時間を預ける
祖父が亡くなって通夜も葬式も終わり
慌ただしかった数日が
ようやく落ち着いた頃のことだった。
その夜、私は夢を見た。
インターホンが鳴り、玄関のドアを開けると
そこには亡くなったはずの祖父が立っていた。
顔は少し土気色で
どこか現実離れした雰囲気がある。
そしてなぜか…祖父の後ろには
たくさんの段ボール箱が積まれていた。
「じいちゃん、どうしたの?」
すると隣にいた夫が、祖父に向かって言った
「よかったら、上がっていってください」
祖父は少し照れたように笑い、首を横に振った。
「いや、まだ行くところがたくさんあるから」
その表情は、生前と変わらない
どこか…はにかんだような祖父の笑顔だった。
そして祖父は、真面目な顔をして
「…お前に頼みがある」
そう言うと、ずい!っと
一本の腕時計をこちらに差し出しながら言った
「時間を預けていくからな」
突然の言葉に戸惑いながらも、私は答えた。
「え?……うん、分かった」
すると祖父は、念を押すようにもう一度言った。
「いいな。
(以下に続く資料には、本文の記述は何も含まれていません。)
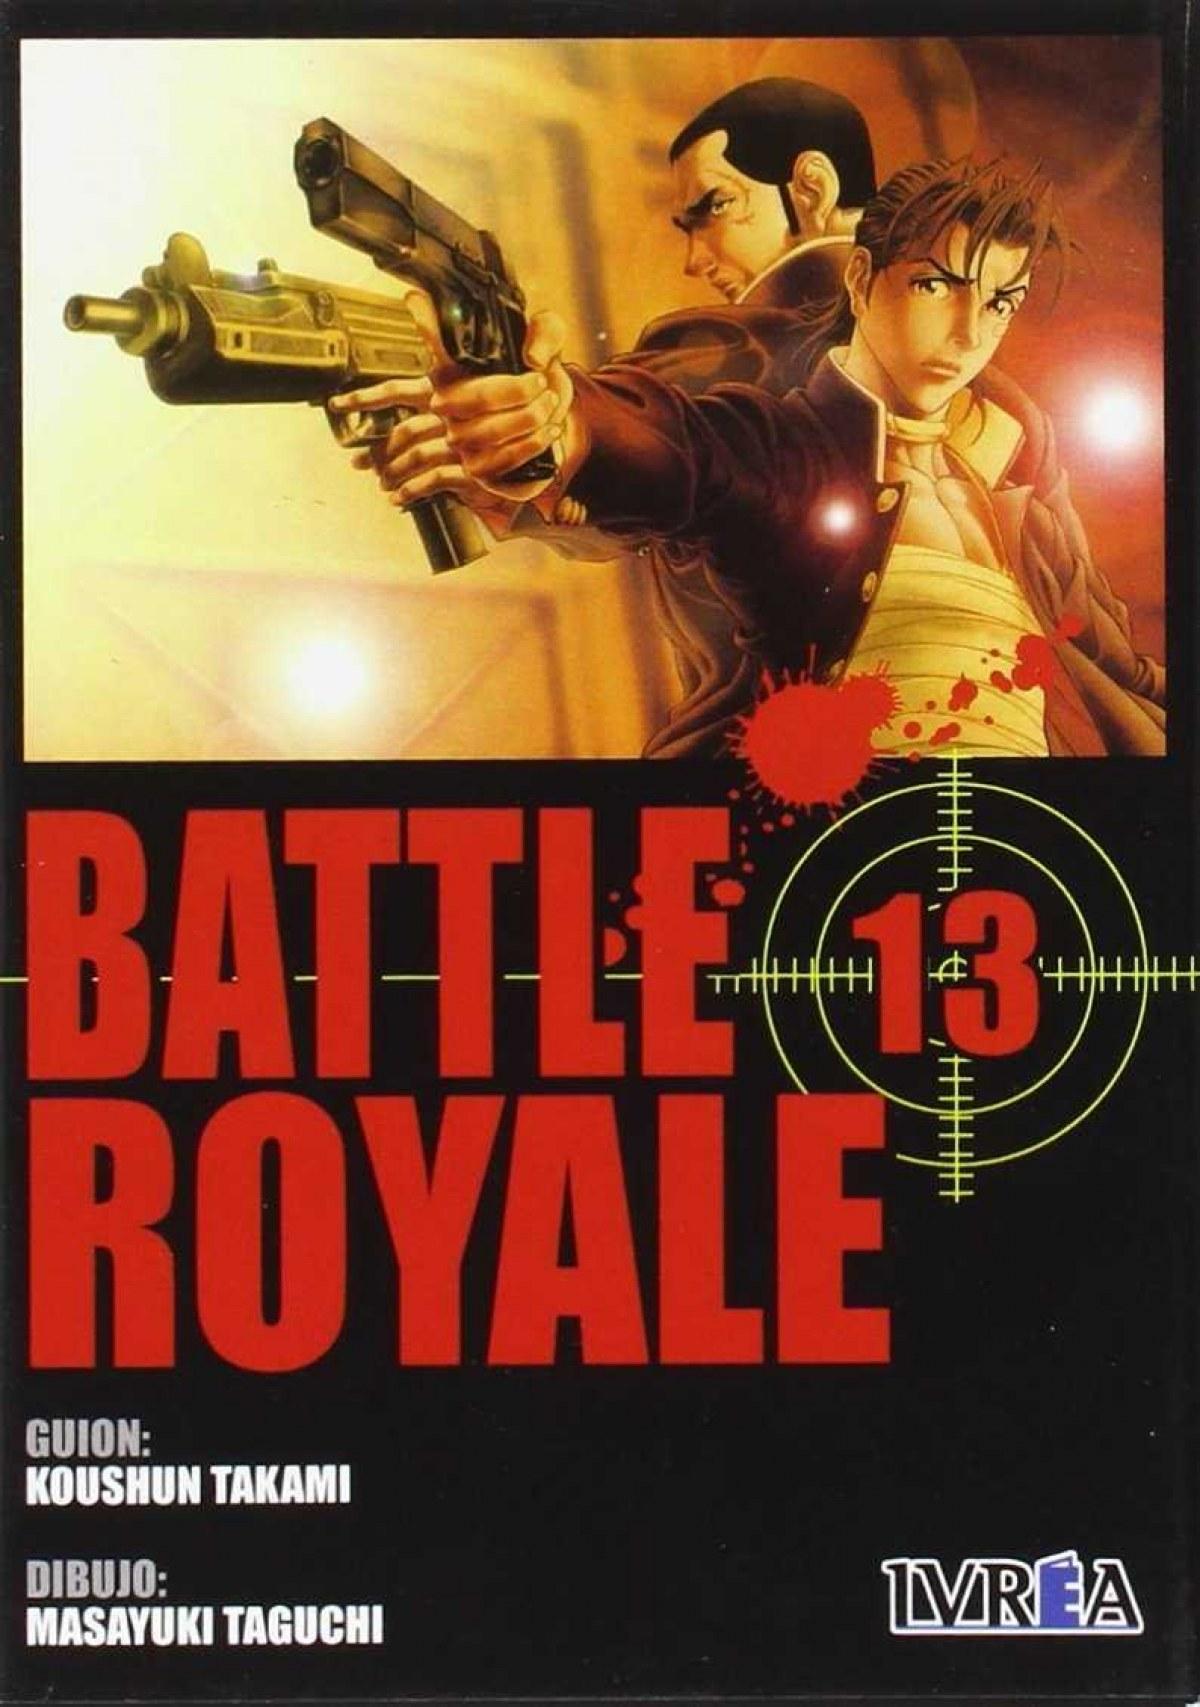 Battle Royale,13 - Takami, Koushun
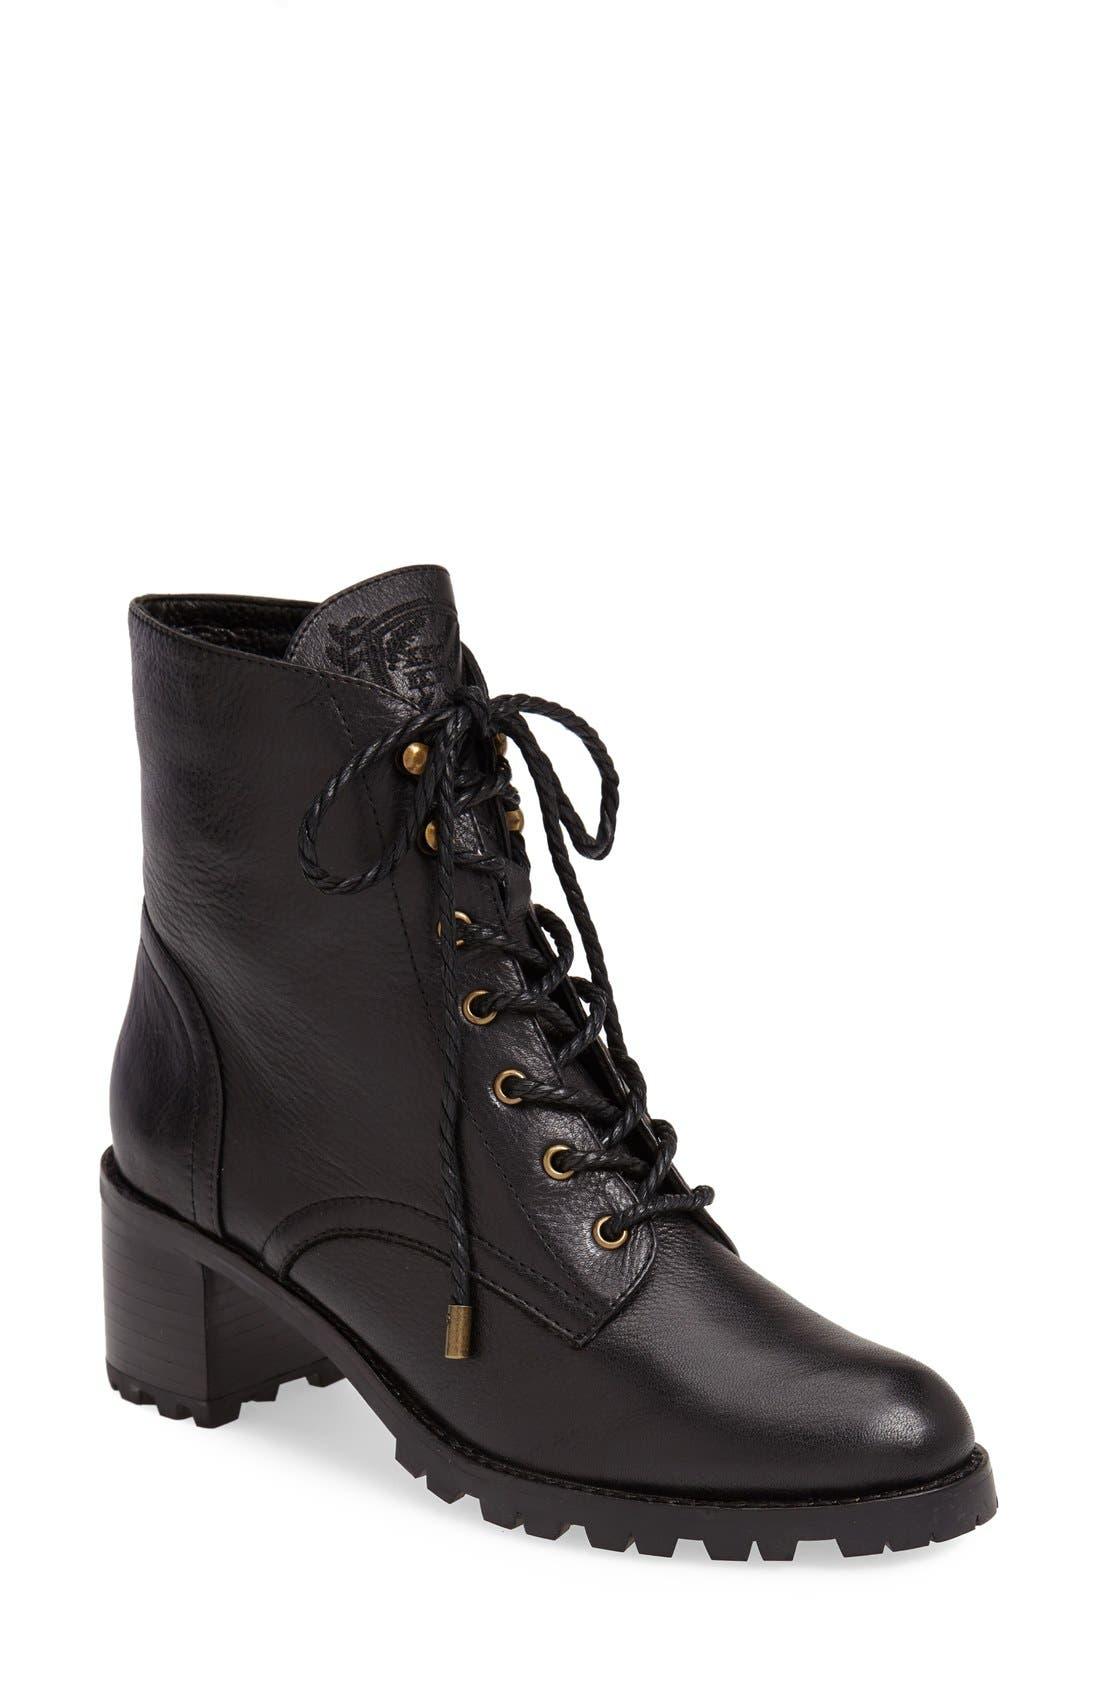 Alternate Image 1 Selected - Joie 'Ashbury' Boot (Women)
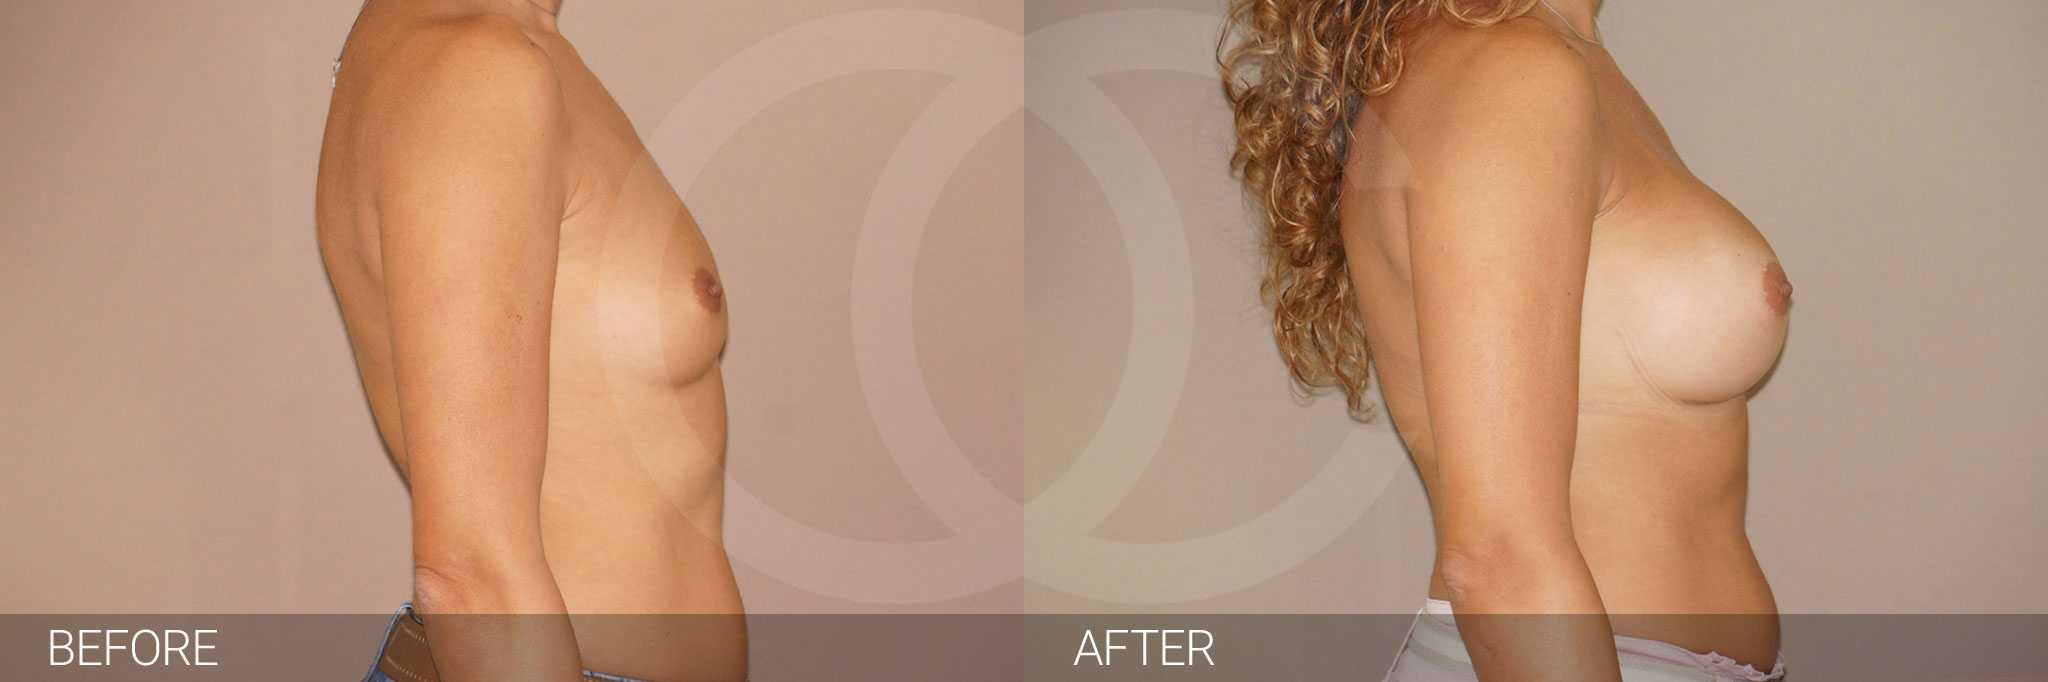 Augmentation mammaire Implants mammaires ante/post-op III

時間を預けていくからな。頼むな」
そう言って、もう一度更に前に押し出すように…
私に時計を差し出した。
――そこで目が覚めた。
やけにリアルな夢だったため
その日のうちに実家へ帰って
祖母と母にその夢の話をした。
すると祖母が、思い出したように言った。
「時計?
ああ、これのことかねぇ」
そう言って見せてくれたのは一本の腕時計。
夢の中のものとは文字盤の色が
少し違っていたけれど、形はよく似ている。
祖父が、生前ずっと愛用していた時計だった。
祖母は少し切なそうな…
でも愛おしそうに、時計を握りしめながら言った。
「本当はねぇ
お墓に入れてあげようかと思ったけど
どうしても手元に残しておきたかったのよ…
でも、おじいさん…時計、好きだったからねぇ」
結局その後、お寺に相談して
その時計は祖父のお墓に納めてもらったらしい。
でも…ひとつだけ今でも
心に残っていることがある。
祖父は夢の中で
「時計を預ける」とは言わなかった。
確かに、こう言ったのだ。
――「時間を預けていくからな」
もしかしたら祖父は
自分が生きられなかったこれからの時間を
私に託したつもりだったのかもしれない。
そう思うと、あの夢は不思議と
少しだけ、あたたかい記憶に変わっていった。